İŞ BİRLİĞİ: Devletler politik, ekonomik ve kültürel farklılıkları dikkate almadan işbirliğine önem vermelidir. Ülkelerin kapasitelerine uygun olarak, afetlere karşı direnç artırılmalı ve afetlere maruz kalanların insan haklarına saygı gösterilmesi güven altına alınmalıdır. Ayrıca afetlerin sınır ötesi muhtemel etkisi azaltmak amacıyla birlikte harekete geçmeye özellikle önem verilmelidir.

ORTAK SORUMLULUK:  Ulusal ve yerel kamu otoriteleri, özel ticari sektör, tarım ve endüstri, hükümet dışı organizasyonlar, bireyler ve medya, acil durumlarda etkin katkı sağlama ve afet risklerine maruz kalma halinde olumsuz etkinin önlenmesi ve azaltılması konusunda ortak bir sorumluluğa sahiptirler. Tüm bu aktörler, gerektiğinde bağımsız olarak sürece katkı sağlayabilecekleri gibi gerektiğinde birden fazla özel veya kamu kurumları ile iş birliği yaparak afetlerin her aşamasında olumsuzlukları yok etmek veya azaltmak durumundadırlar.

SAYGI: Saygı, herhangi bir ilişki içinde olunan bir kurum, birey ve benzerine, söz konusu varlık veya oluşumun ilgi ve duygularının farkında tutum sergilemek, buna göre uygun bir davranış tarzını ,tutumu benimsemektir, Genellikle, ilişkide olunan, iletişim kurulan varlık veya oluşumun hak, değer, inanç ve her türlü özelliğini göz önünde tutmak bunlara önyargısız yaklaşmayı içerir. Her ne kadar tersi gibi gözükse de saygı kavramı haklar kavramının varlığından önce gelir ve haklar kavramına dayanmaz.

Aslında bu tanımları çoğumuz görüyoruz, duyuyoruz, biliyoruz. Fakat bunu hayatta uygulamaya gelince çok umursamayabiliyoruz, unutuyoruz, basite indirgiyoruz. Bu tanımları bilip hayatımıza uygularsak tüm insanlar olarak daha iyi, daha mutlu bir yaşantımızın olacağına inanıyorum. İnsan kendisine nasıl davranılmasını istiyorsa başkalarına da ona göre davranmalı, empati yapmayı unutmamalıdır.

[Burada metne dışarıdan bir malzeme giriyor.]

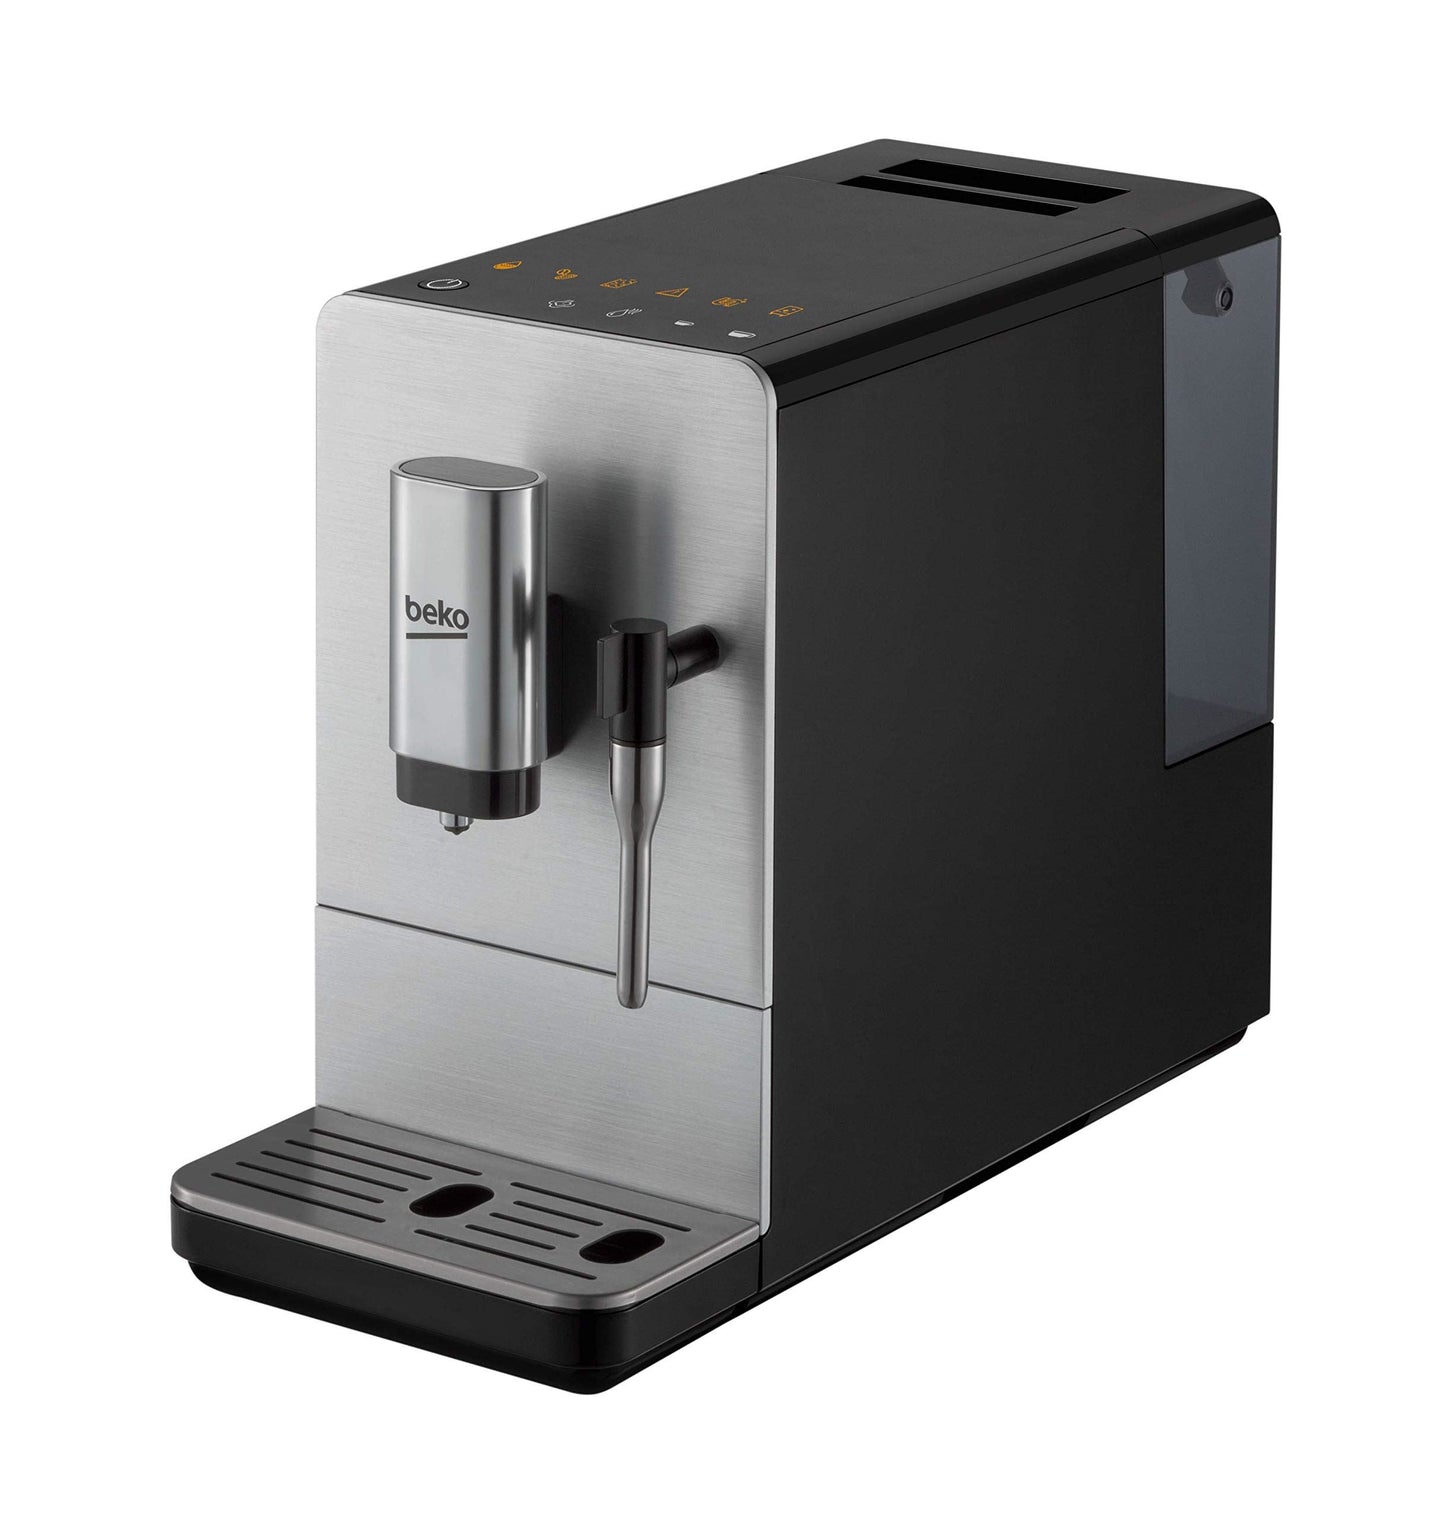 Beko 8814253200 Bean to Cup Coffee Machine CEG5311X 19 Bar Pressure-Stainless Steel, Includes Steam Nozzle for Milk Frothing, One Touch LCD Control & Removable 1.6L Water Tank, 1.6 liters

Hayatta bize kalacak olan yaptığımız iyiliklerdir, ne para ne pul elimizde kalır sadece yaptığımız iyilikler. Yazımı Demokritos’ un şu sözüyle sonlandırmak istiyorum:

“Üç kimseye mutlaka saygılı olunuz: Kendi evinizdeyken, ailenize; sokaktayken, gelip geçenlere; yalnızken, kendinize.”